FWSM/contextb# show run
: Saved
:
FWSM Version 3.1(4) <context>
!
hostname contextb
enable password 8Ry2YjIyt7RRXU24 encrypted
names
!
interface Vlan50
nameif inside
security-level 100
ip address 172.2.2.10 255.255.255.0 standby 172.2.2.11
!
interface Vlan51
nameif outside
security-level 0
ip address 11.2.2.10 255.255.255.0 standby 11.2.2.11
asr-group 1

! ASR group 1 is configured for the interface in the outside security domain

passwd 2KFQnbNIdI.2KYOU encrypted
access-list 100 extended permit ip any any
access-list 101 extended permit ip any any
pager lines 24
mtu inside 1500
mtu outside 1500
monitor-interface inside
monitor-interface outside
icmp permit any inside
icmp permit any outside
no asdm history enable
arp timeout 14400
global (outside) 1 11.2.2.0 netmask 255.255.255.0
nat (inside) 1 0.0.0.0 0.0.0.0
access-group 101 in interface inside
access-group 101 out interface inside
access-group 101 in interface outside
access-group 101 out interface outside
route outside 0.0.0.0 0.0.0.0 11.2.2.3 1
timeout xlate 3:00:00
timeout conn 1:00:00 half-closed 0:10:00 udp 0:02:00 icmp 0:00:02
timeout sunrpc 0:10:00 h323 0:05:00 h225 1:00:00 mgcp 0:05:00
timeout mgcp-pat 0:05:00 sip 0:30:00 sip_media 0:02:00
timeout uauth 0:05:00 absolute
no snmp-server location
no snmp-server contact
telnet timeout 5
ssh timeout 5
!
class-map inspection_default
match default-inspection-traffic
!
policy-map global_policy
class inspection_default
 inspect dns maximum-length 512
 inspect ftp
 inspect h323 h225
 inspect h323 ras
 inspect netbios
 inspect rsh
 inspect skinny
 inspect smtp
 inspect sqlnet
 inspect sunrpc
 inspect tftp
 inspect sip
 inspect xdmcp
!
service-policy global_policy global
Cryptochecksum:b59531047507cf7e9ee7effb2cce9a21
: end

Summary

Asymmetric routing is the traversal of a packet from a source to a destination in one path, and follows a different path when the packet returns to the source. Asymmetric routing is seen in the Layer 3 environment and does not cause a problem by itself. Asymmetric routing with firewalls causes issues.
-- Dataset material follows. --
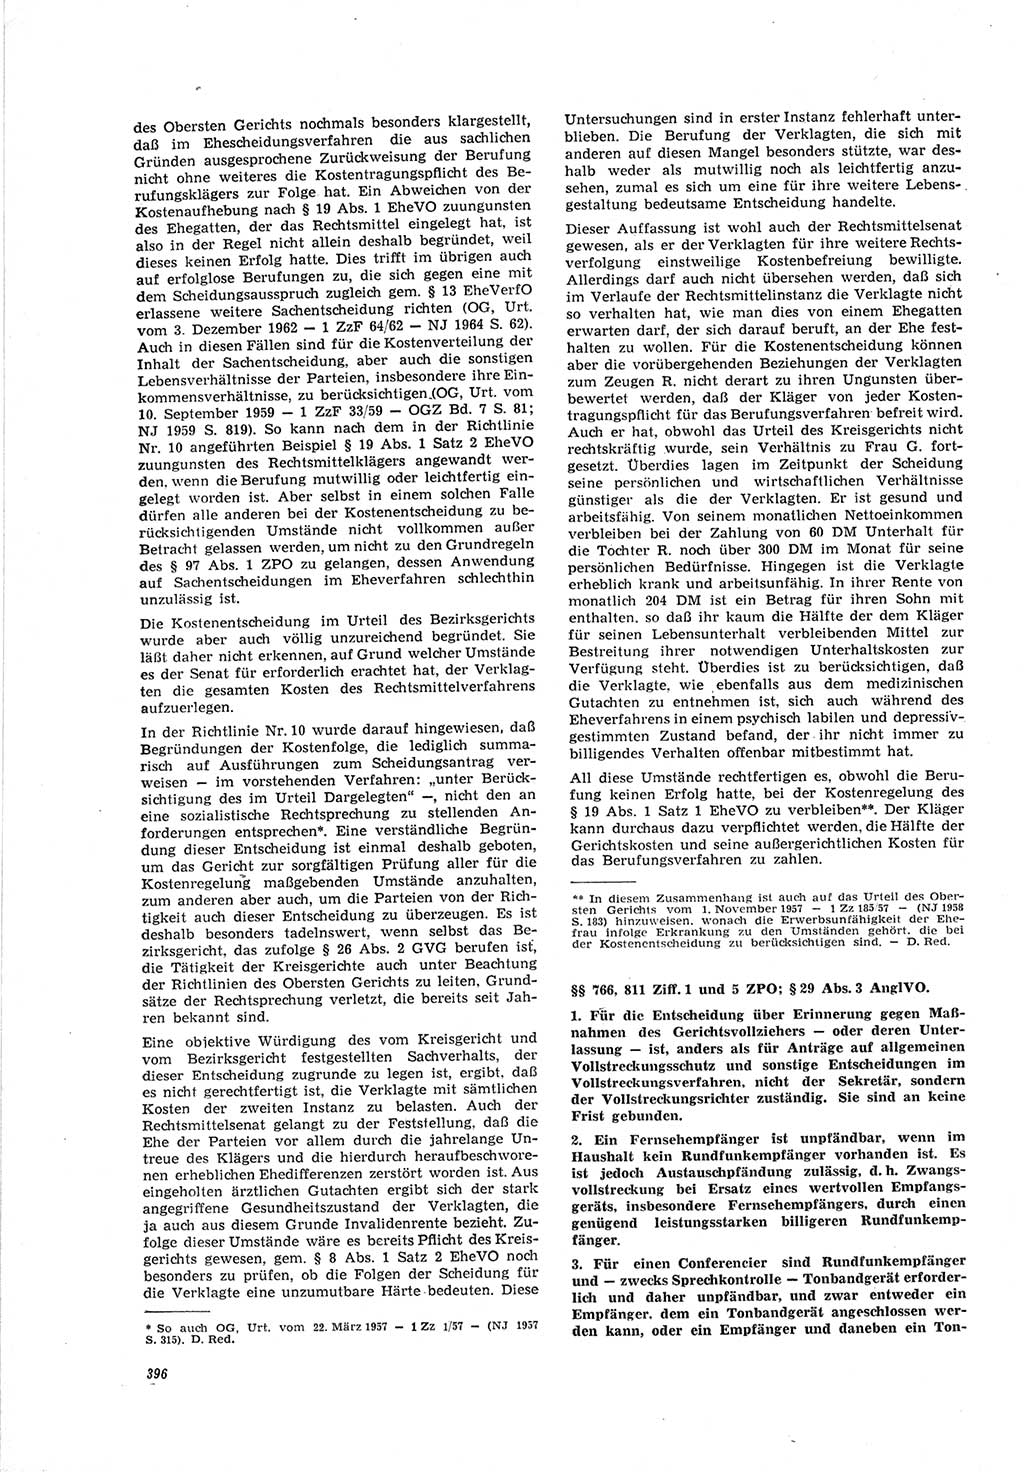 Neue Justiz (NJ), Zeitschrift für Recht und Rechtswissenschaft [Deutsche Demokratische Republik (DDR)], 19. Jahrgang 1965, Seite 396 (NJ DDR 1965, S. 396)

After reading this chapter, the reader will know to overcome asymmetric routing issues in a network with FWSM. It is a good practice to follow the design options for symmetric routing. The reader will also know to enable the ASR feature to support asymmetric routing for the FWSM with the 3.1 code version or later.